Despite significant public disquiet, the government has tabled the Bill in the National Assembly. The proposed changes do not require a referendum. Nevertheless, to pass, the Bill will require the support of not less than two thirds of all members of the National Assembly (that is 110 out of 166). The distribution of seats in the National Assembly is currently as follows: PF – 89; UPND – 56; Movement for Multi-party Democracy (MMD) – 5; Forum for Democracy and Development (FDD) – 1; and independent – 14. Thus, unless the ruling party can secure the support of all MMD, FDD and independent, as well as the (unlikely) support of at least two UPND MPs, the Bill is unlikely to pass. The government is reportedly seeking to intimidate or bribe UPND MPs to support the proposed amendments, including an offer to pay all allowances and gratuities now rather than at the end of their term in 2021.
The main opposition party has the numbers to block the reforms, if it stays cohesive.
The proposed amendments have drawn widespread criticism, both within the country and from international observers. In early August, seven international organisations expressed their ‘deep concern’ over the negative implications of provisions of the Bill on the independence and impartiality of the judiciary. Of particular concern to the organisations are the proposed changes regarding disciplinary proceedings against judges and the composition of the Constitutional and Supreme Courts.

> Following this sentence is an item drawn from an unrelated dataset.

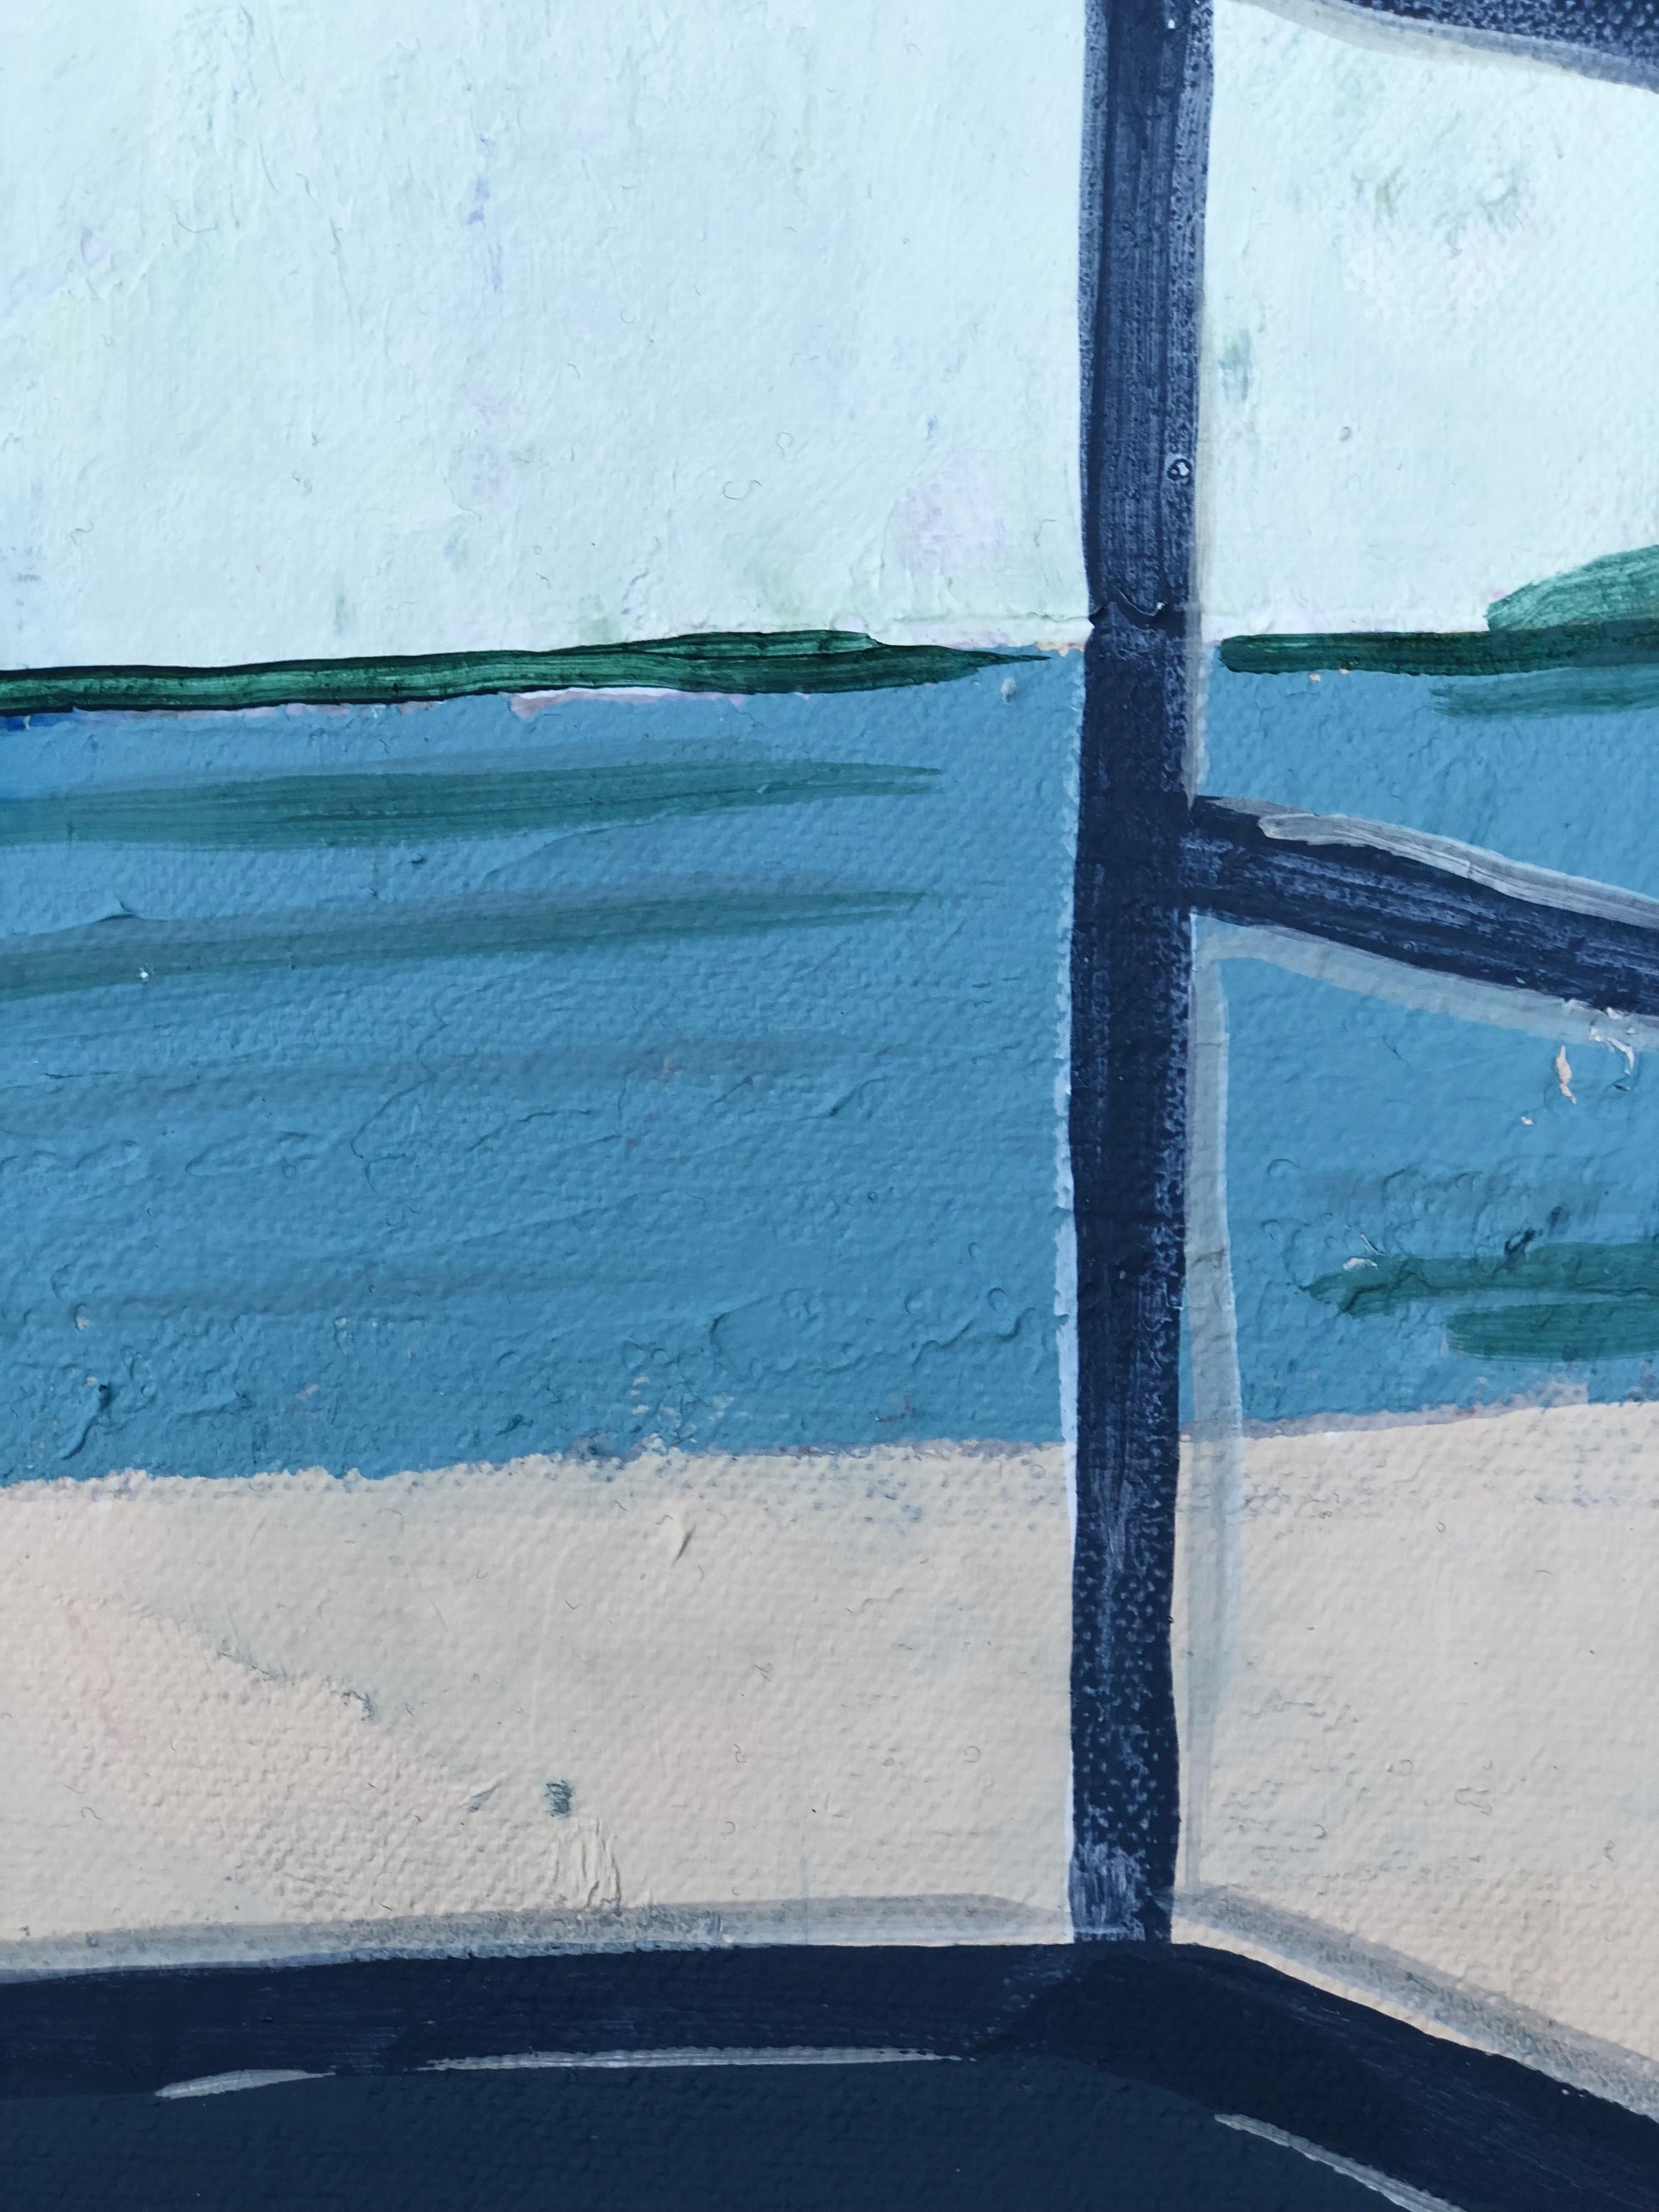 Set Sail on Naragansett Sound (8x8)

The Law Association of Zambia (LAZ) and local civil society organisations have also strongly criticised the proposed amendments, with many concerned that the Bill reverses progressive provisions in an existing Constitution that is already deeply flawed. The Oasis Forum - whose members include LAZ, the three church mother bodies and the Non-Governmental Organisations Coordinating Council – and the Zambia Congress of Trade Unions (ZCTU) have all called upon the Government to withdraw the Bill to allow for broader and meaningful consultation.
A case has been filed before the Constitutional Court to halt the proposed amendments.
LAZ has gone further to petition the Constitutional Court for: (a) a declaration that the Respondents’ (the President of the Republic of Zambia, the Attorney-General and the National Assembly) decision to the extent to which it seeks to amend the Constitution in the manner set out in the Constitution of Zambia (Amendment) Bill No. 10 of 2019, is unconstitutional; and (b) an order (of Certiorari) quashing the Bill. LAZ has also formally requested the Speaker of the National Assembly to suspend consideration of the Bill pending determination of the petition, but the Speaker has refused to accede to that request.
Constitutional reform affords an important opportunity for the citizens of a country ‘to create a common vision of the future of a state, the outcomes of which can have profound and lasting impacts on peace and stability’. Nevertheless, as one commentator has aptly observed: ‘[t]he proposed 2019 constitution making process is deeply flawed and will fail to deliver a constitution that is legitimate and provides a framework for the democratic governance’ in the country. If adopted, the Constitution of Zambia (Amendment) Bill 2019 would potentially sow the seeds of constitutional and political crisis in Zambia.
Professor Cephas Lumina is an Advocate of the High Court of Zambia and formerly a Research Professor of Constitutional and Human Rights Law at the University of Fort Hare.